Nationally, there are a handful of elected Latino leaders serving in Congress but none from the Houston area. Houston also has never had a Hispanic mayor and has just two Hispanics on the 14-member City Council.
"The demographic growth doesn't automatically translate into political power," said Nestor Rodriguez, chairman of the University of Houston's Sociology Department and co-director for the Center for Immigration Research.
But with immigration as the impetus, Latino politics in the U.S. is reassessing and redefining itself.
Latino leadership has long been decentralized by differences in region, generation, country of origin and ethnicity. That decentralization stymies a unified front and vision for Hispanics. Observers said immigration has bound different groups, including non-immigrants who were offended by the racial overtones of some of the anti-illegal immigrant rhetoric.

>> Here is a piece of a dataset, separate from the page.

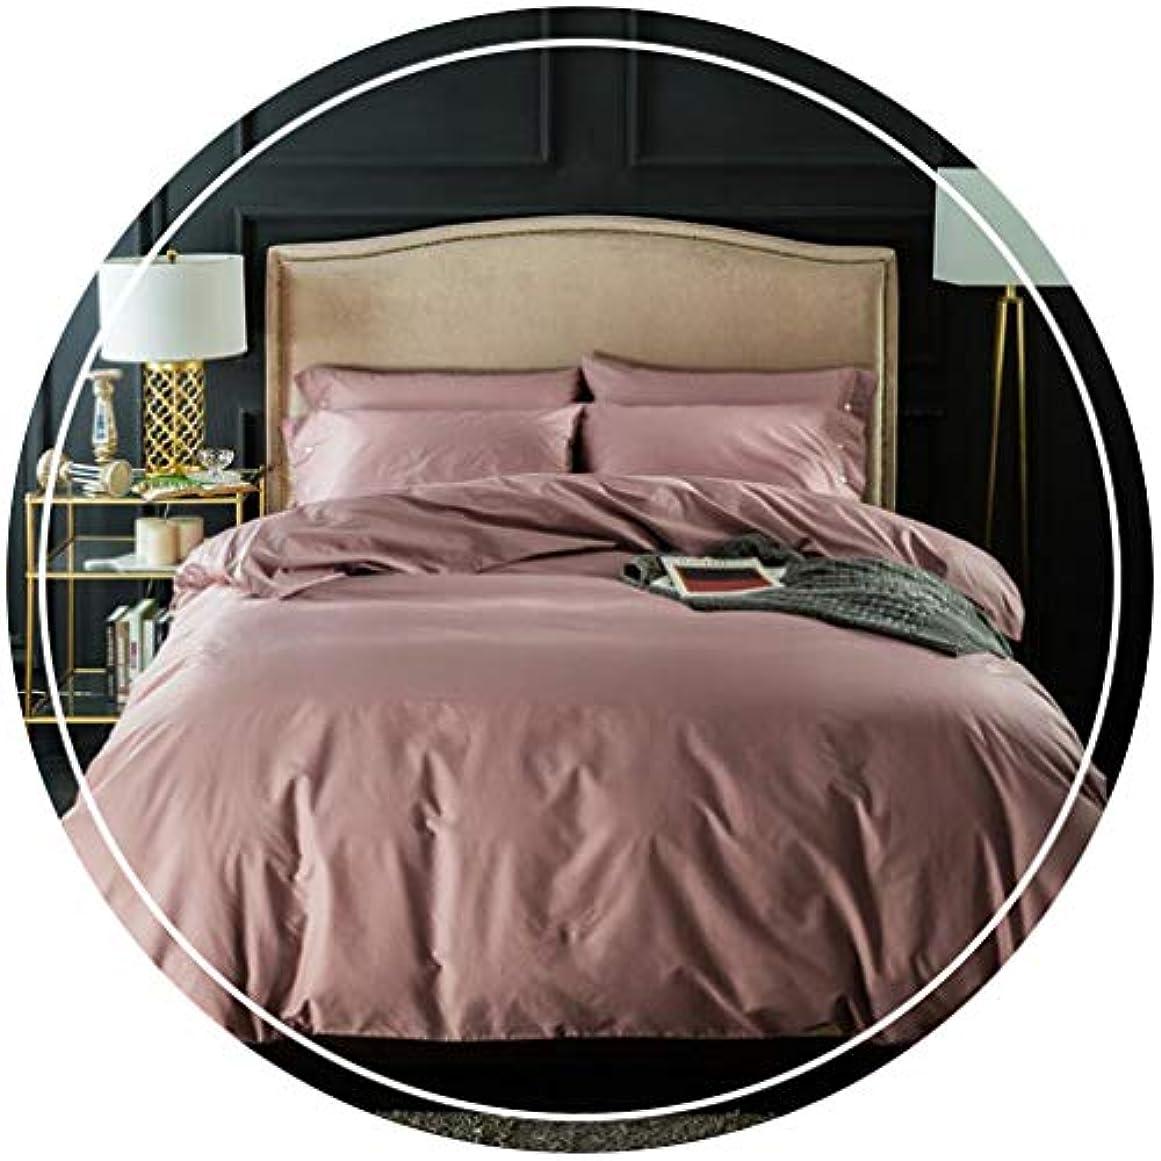 生き物墓地イヤホンHUYYA シートカバー、寝具カバーセット 柔らかく快適 4枚セットのシート マイクロファイバー シーツと枕セット,Bean powder_Increase

The youth, who were instrumental in leading the school walkouts, marches and rallies, see their charge as building social movements to influence as a group rather than running for political office, said longtime Houston immigrants' rights activist Maria Jimenez.
The key to filling the political power void will be to invest in leadership development, said Jorge Mursuli, national executive director of the Florida-based Democracia USA and vice president of People for the American Way.
Latinos "don't have a lot of national leaders elected or otherwise so whenever there's an issue, finding someone to articulate our messages is not an easy thing," Mursuli said. "Having national leaders is a sign that we've arrived on the national landscape and that is as important as having local leaders."